Global Authoritarian Playbook

That march towards autocracy has been common in the past decade in several nations, such as by the Salvadoran.

In several years ago, immediately after starting a new term in the face of constitutional prohibitions, the president's parliamentary loyalists voted to remove the country’s attorney general and five judges on the supreme court. The judges, who had provoked his ire by ruling against pandemic policies, were replaced by replacements hand picked by the leader.

The move echoed Viktor Orbán’s overhaul of the nation's judiciary in 2018; the Turkish president's court cleanups recently; and efforts at comparable actions in Israel and the European country.

Undermining Court Autonomy

Experts say that the intimidation and rhetorical attacks in the US can be viewed as efforts to weaken judicial independence in a system that provides no simple method for the president to remove judges Trump disapproves of.

Meghan Leonard, an associate professor at Illinois State University who has researched authoritarian backsliding in democracies, said the White House had taken cues from the examples set by strongmen abroad.

“The government is looking around at these achievements and setbacks. They know they’re not going to be able to pass any laws that would undermine the courts,” she said.

Pointing to examples such as Miller’s persistent assertions of nearly limitless executive power, she noted: “They openly attack the courts by stating repeatedly that it is not a co-equal branch in the government structure.

“They continue to reframe the debate by repeating their argument that the executive has more power than this judicial branch, which is not how separation powers work.”

The professor said: “Judges' sole safeguard is public trust in the legitimacy of their ability to make those rulings. Individual threats on top of weakening trust in courts may make judges think twice about judgments that go against the sitting government, which is, of course, highly concerning for judicial review and for democracy.”

Intimidation Tactics

Kim Lane Scheppele, academic of social science and global studies at Princeton University, has written about the use of “autocratic legalism” by the such as Orbán and the Russian, and has spoken out about rising dangers to judges in the US.

She highlighted a wave of termed “harassment deliveries” recently, in which judges have received unsolicited pizza deliveries with the recipient listed as a name, the son of Judge Esther Salas, who was killed at the judge’s home in several years ago by a assailant targeting Salas.

“All knows what it means. ‘We know where you live.

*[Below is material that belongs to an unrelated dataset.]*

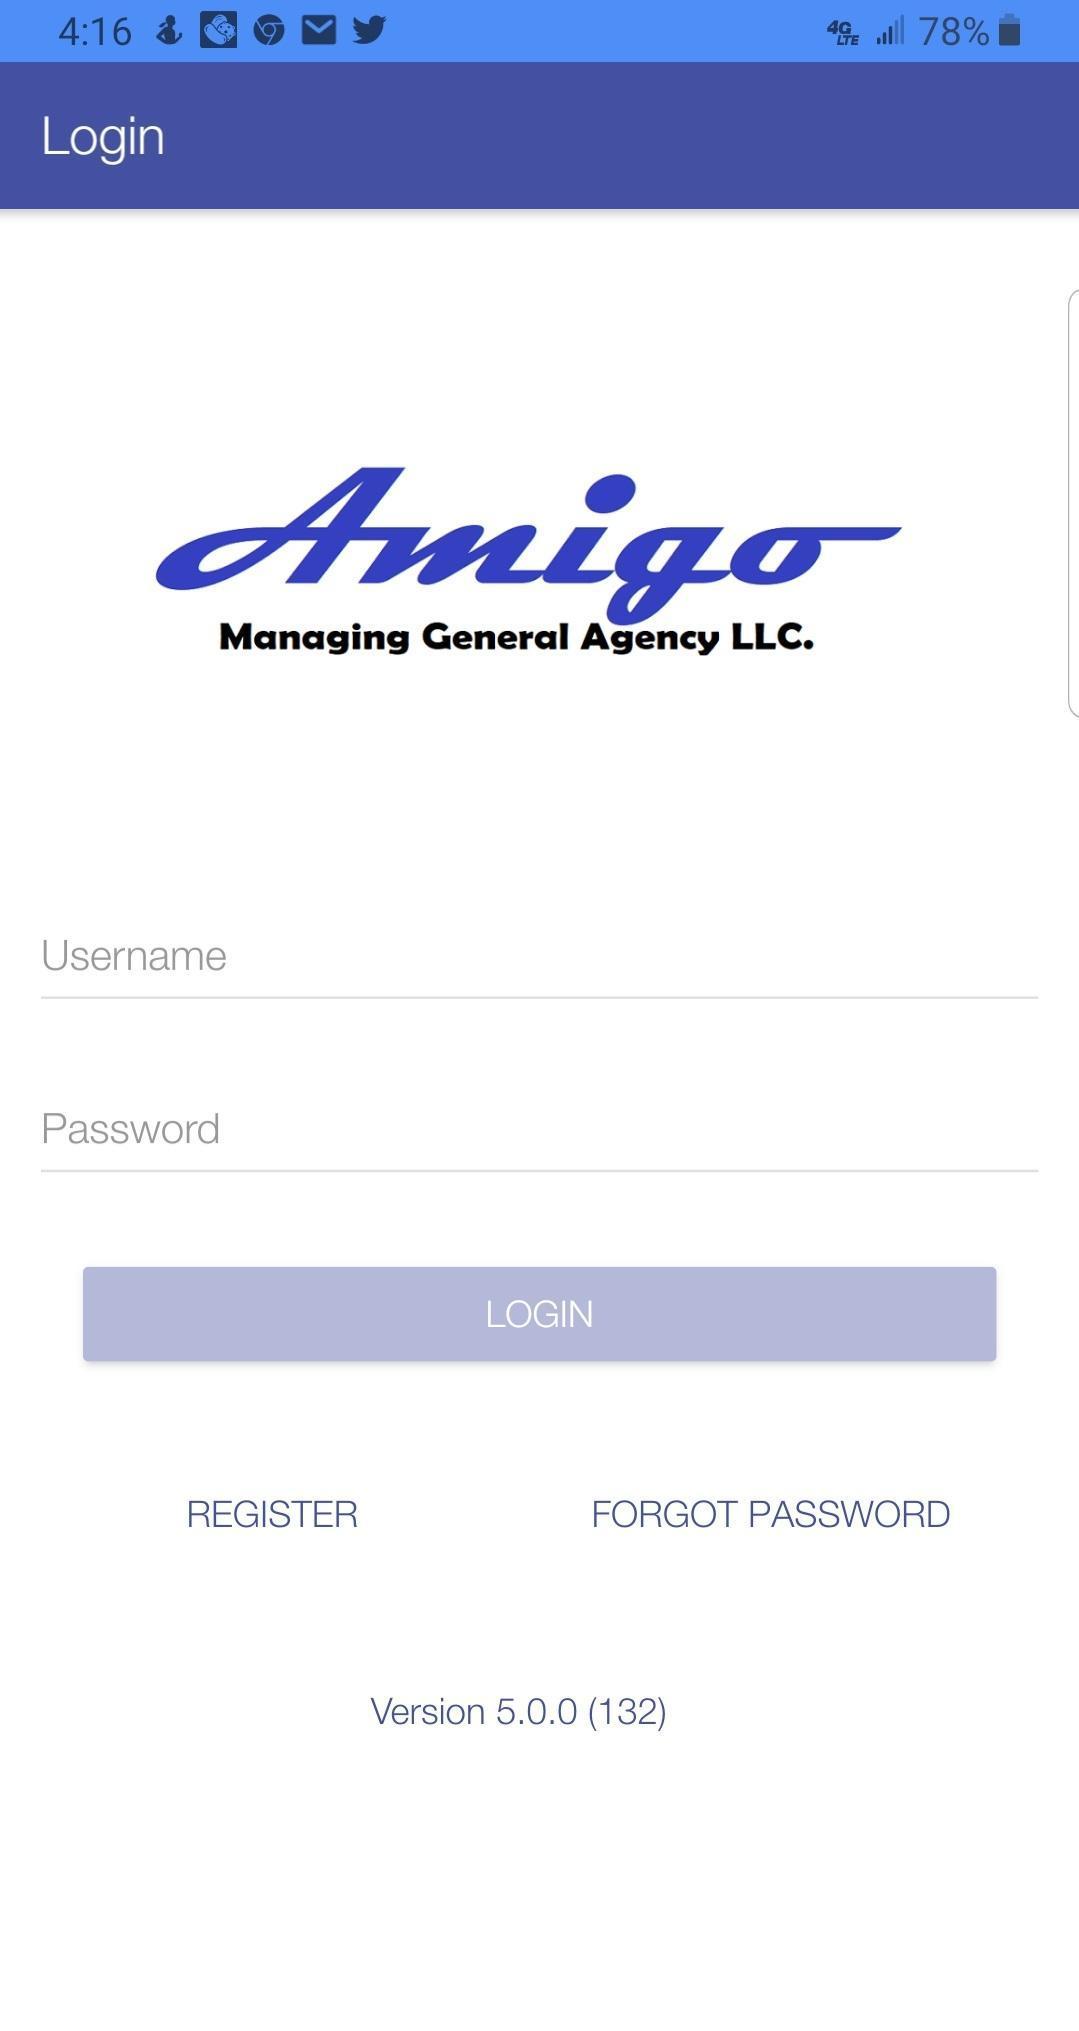 Customer Amigo Mga >> Amigo Mga Llc For Android Apk Download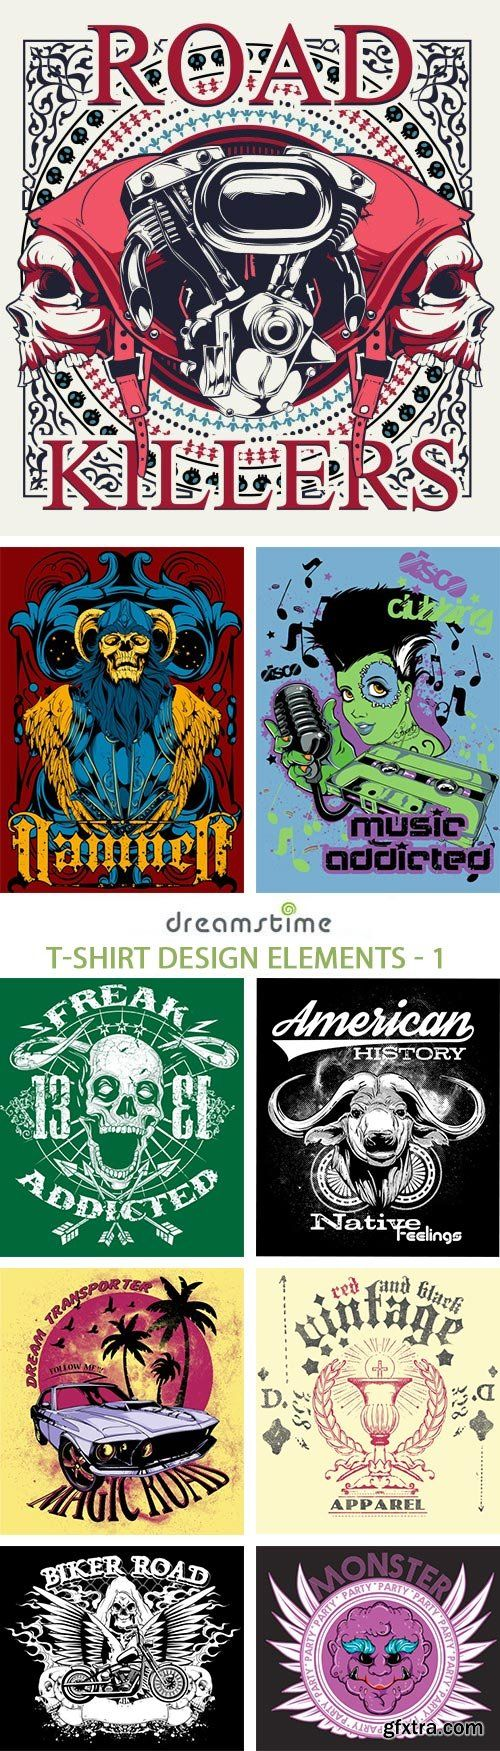 Shirt design elements - T Shirt Design Elements 1 25xeps

We’re coming for you,’” the professor said.

“Federal judges are guarded by the presidential protection and the federal police. And these are dedicated law enforcement that sit structurally inside the federal agency. And Pam Bondi has been spearheading the attacks on justices.”

Government Goals

On the administration’s aims, Scheppele said that “removing a US justice is highly not going to happen because it’s very difficult to do. {Right now|Currently

Tiffany Rice
Tiffany Rice

A passionate gamer and tech enthusiast who loves sharing insights on game patches and updates.